All PRs except trivial ones should require 2 approvals, since this a global setting we cannot allow trivial PRs to only have 1 from github configuration alone. So we set the required approvals in github to 1 and make this check required which will enforce 2 approvals unless overwritten or only CI files are touched.
timescale · Oct 18, 2024 · 0c8468b · 0c8468b
1 parent b65083e
commit 0c8468b
Showing 1 changed file with 45 additions and 0 deletions.

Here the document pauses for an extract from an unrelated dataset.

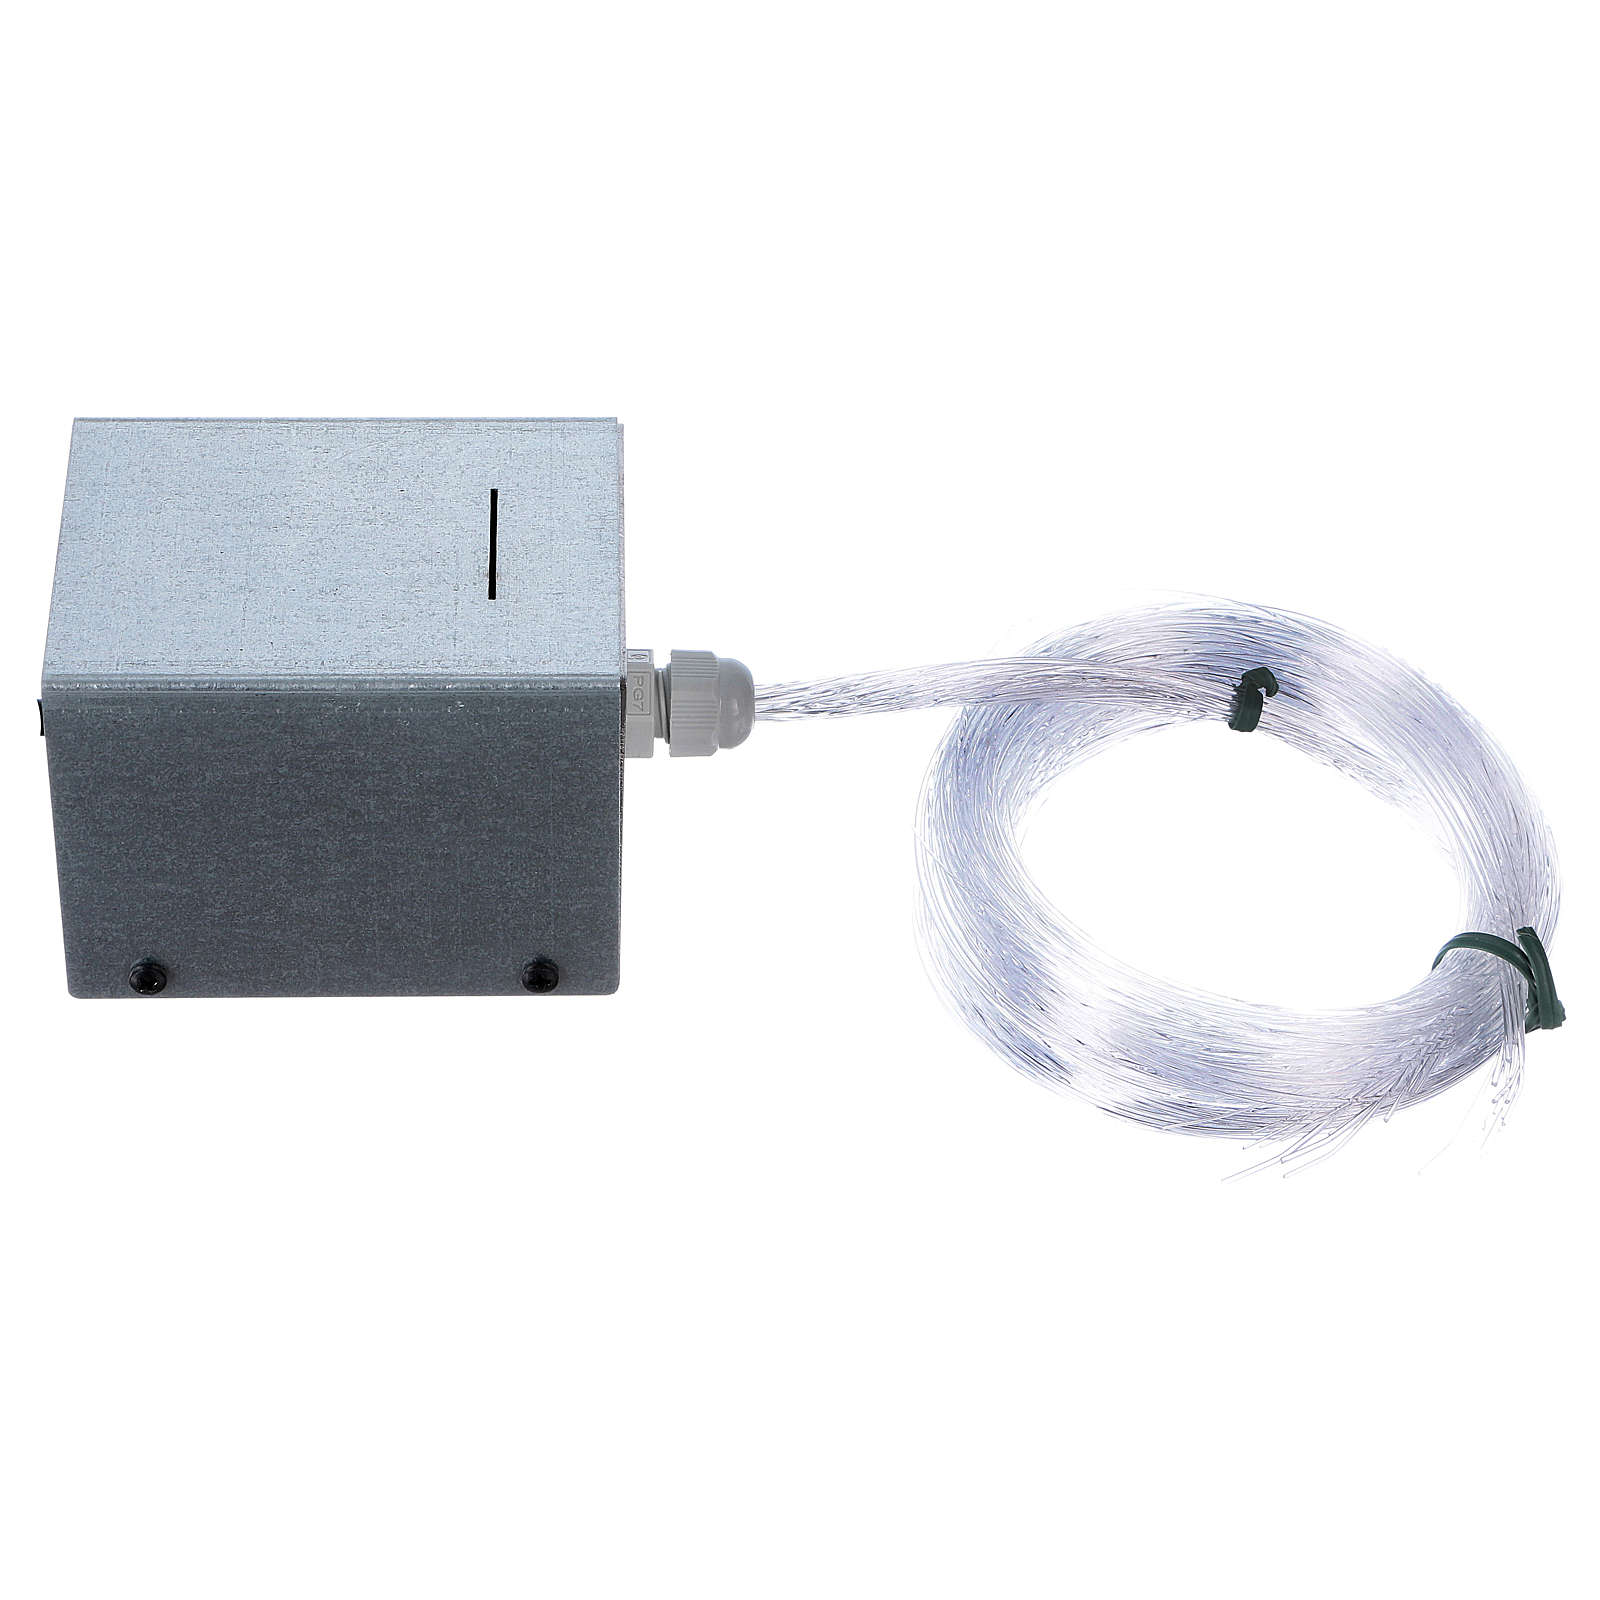 Control Unit for fiber optic stars Light Filter 30 assorted threads for Nativity scene 4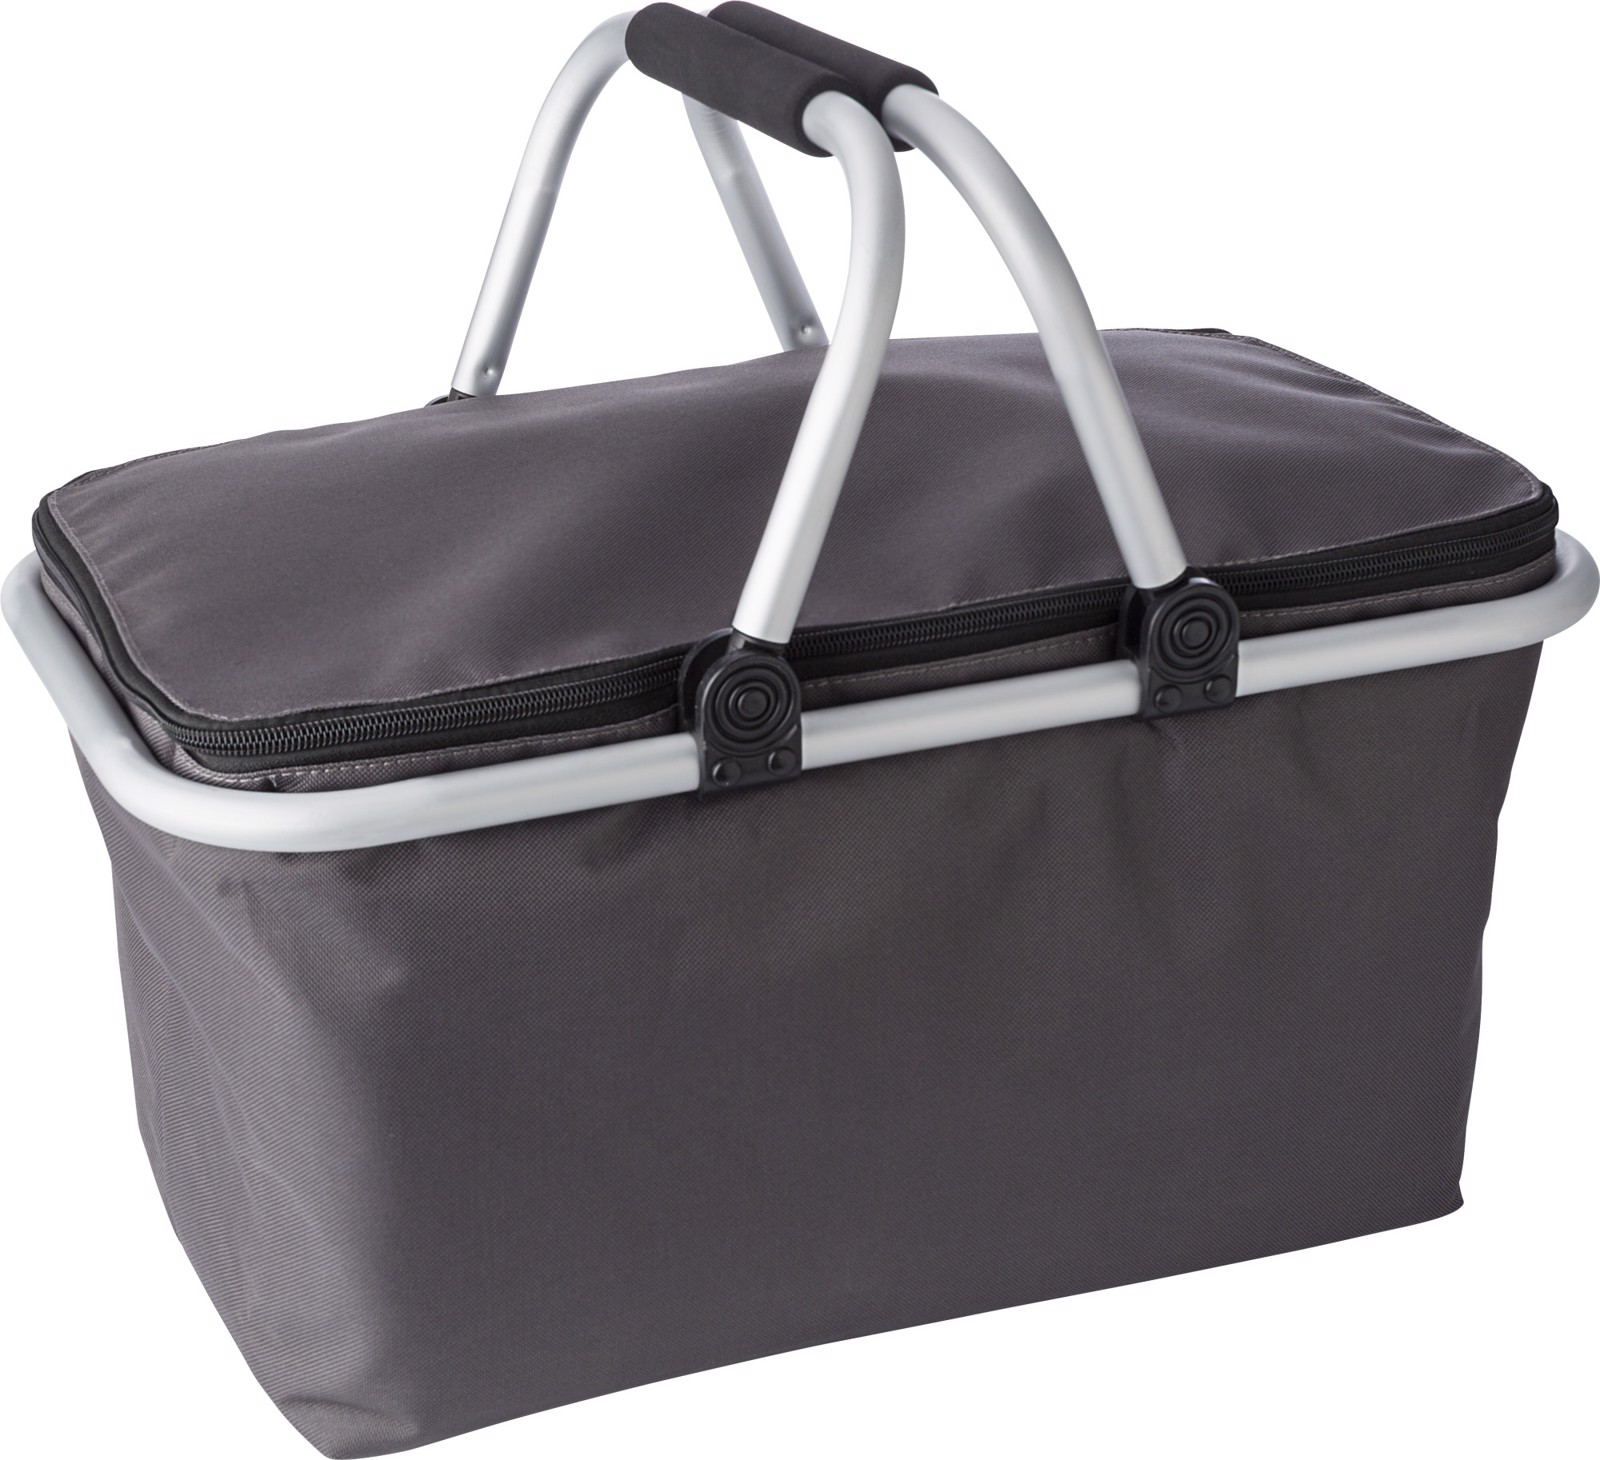 Polyester (320-330 gr/m²) shopping basket. - Grey

diff --git a/.github/workflows/pr-approvals.yaml b/.github/workflows/pr-approvals.yaml
@@ -0,0 +1,45 @@
+# All PRs except trivial ones should require 2 approvals, since this a global setting
+# we cannot make this decision from github configuration alone. So we set the required
+# approved in github to 1 and make this check required which will enforce 2 approvals
+# unless overwritten or only CI files are touched.
+name: PR Approval Check
+"on":
+  pull_request:
+    branches: [main]
+jobs:
+
+  check_approvals:
+    name: Check for sufficient approvals
+    runs-on: ubuntu-latest
+    steps:
+      - name: Checkout source
+        uses: actions/checkout@v4
+
+      - name: Check for sufficient approvals
+        shell: bash --norc --noprofile {0}
+        env:
+          BODY: ${{ github.event.pull_request.body }}
+          GH_TOKEN: ${{ github.token }}
+          PR_NUMBER: ${{ github.event.pull_request.number }}
+        run: |
+          echo "$BODY" | egrep -qsi '^disable-check:.*\<approval-count\>'
+          if [[ $? -ne 0 ]]; then
+            # Get the list of modified files in this pull request
+            files=$(gh pr view $PR_NUMBER --json files --jq '.files.[].path | select(startswith(".github") | not)')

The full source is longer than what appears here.